Farmers at this week's Fieldays at Mystery Creek will have cost control and innovation on their minds as they try and mitigate the impact of a cashflow crunch caused by sharply lower dairy prices.
Beef farmers, and to a lesser extent sheep farmers, are enjoying strong prices, but they will not be immune from below-average farmgate milk prices as they are often involved in grazing and providing supplementary feed for dairy.
There is one saving grace - the New Zealand dollar is continuing to retreat against the US dollar, albeit slowly. The same cannot be said for the kiwi's strength against a very low euro, which is affecting returns for euro-sensitive venison, sheepmeat, kiwifruit and apple markets.
A still weaker kiwi would clearly help, and a lower official cash rate from the Reserve Bank would be a welcome disincentive for yield-seeking international investors who have played a part in keeping the currency elevated.
Economists don't expect a rate cut this week, but reductions later in the year are looking more likely.
Westpac said last week's 4.3 per cent fall in the GlobalDairyTrade auction index price was surprising and important.
Prices are now down almost 30 per cent from February's short-lived price spike, and Westpac has downgraded its forecast of Fonterra's farmgate milk price for 2015/16 to $5.40 kg.

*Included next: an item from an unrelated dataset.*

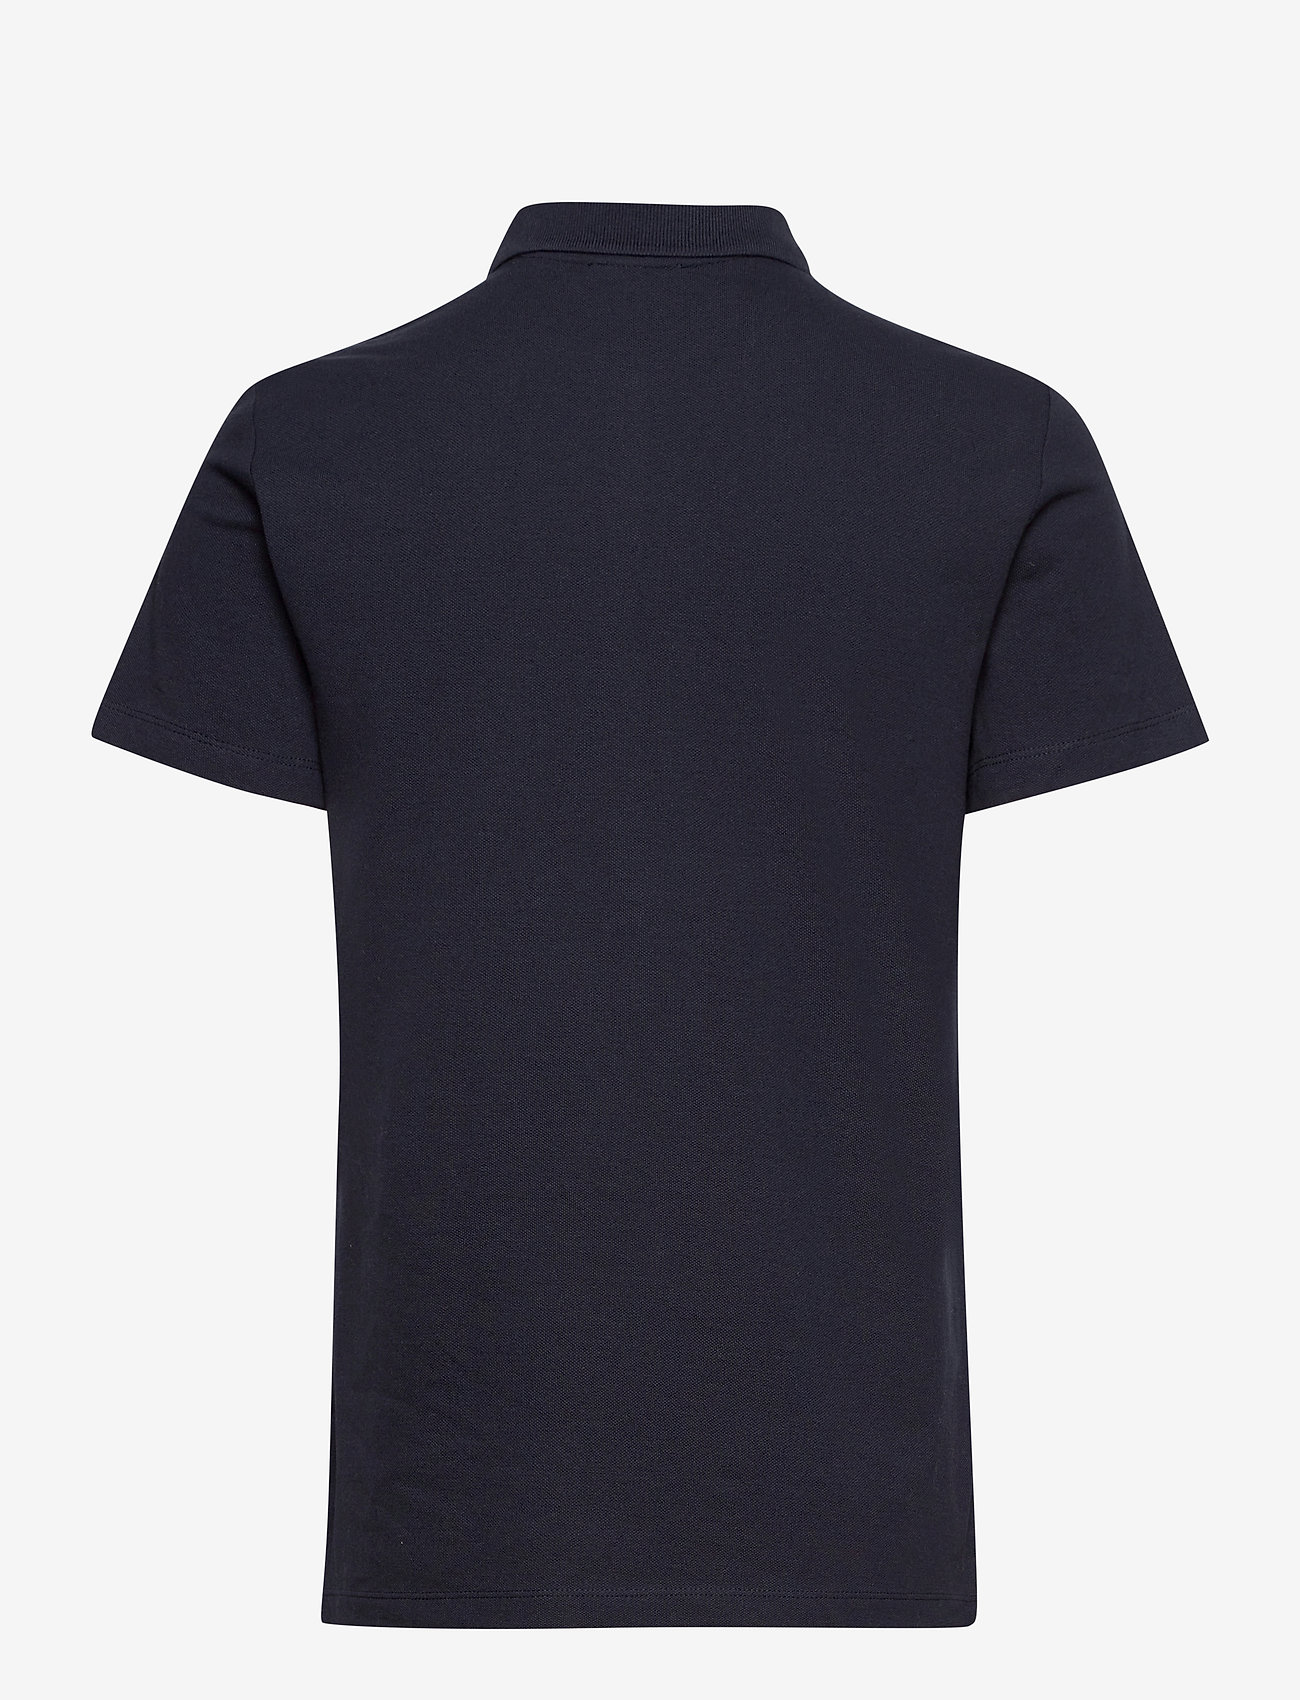 Esprit Casual - T-Shirts - polohemden - navy - 1

Fonterra's own forecast of $5.25 carries important implications for advance payments to farmers in spring, Westpac said.
"Farm cashflow has actually been quite reasonable until recently, but is about to drop off a cliff," the bank said.
Payments to Fonterra suppliers and shareholders over July, August and September 2014 totalled $2.53 billion. Over the same months of 2015 payments will total just .58 billion and Westpac said there was "growing angst" about an impending cashflow crunch.
Those in the dairy industry see the current downturn as being cyclical rather than a structural problem.
"We don't see this as a structural change," Rabobank's dairy analyst Hayley Moynihan said. "But it is certainly a more prolonged trough than we have seen in the past." Rabobank's view is that dairy supply and demand will move more into balance in 2016.
Moynihan said innovation would be an important theme at Fieldays.
"Innovation will be a big component, particularly given the pressure on costs," she said. "Farmers will be looking at better and easier ways of doing things as well."
Dairy NZ chief executive Tim Mackle expected Fieldays to have a strong focus on ways to take costs out without compromising medium- and long-term prospects.
"Times like these are when you get the greatest rate of innovation from farmers," he said. He agreed with Moynihan that the problems facing the dairy sector were cyclical.
"I think it is cyclical and the volatility curves show that. It's just that the wave's length - the period between the trough and peak - could be longer this time," he said.
Fieldays, the Southern Hemisphere's largest agribusiness event, pushes itself as a forum for the industry to keep abreast of the latest in research and development.
"We recognise that Fieldays must continue to evolve and adapt if we are to remain relevant and connected to New Zealand's agri tech and agribusiness sector," Fieldays chief executive Jon Calder said.
Almost 900 exhibitors will be presenting to an expected audience of 125,000 over the four days of the event, which starts on Wednesday.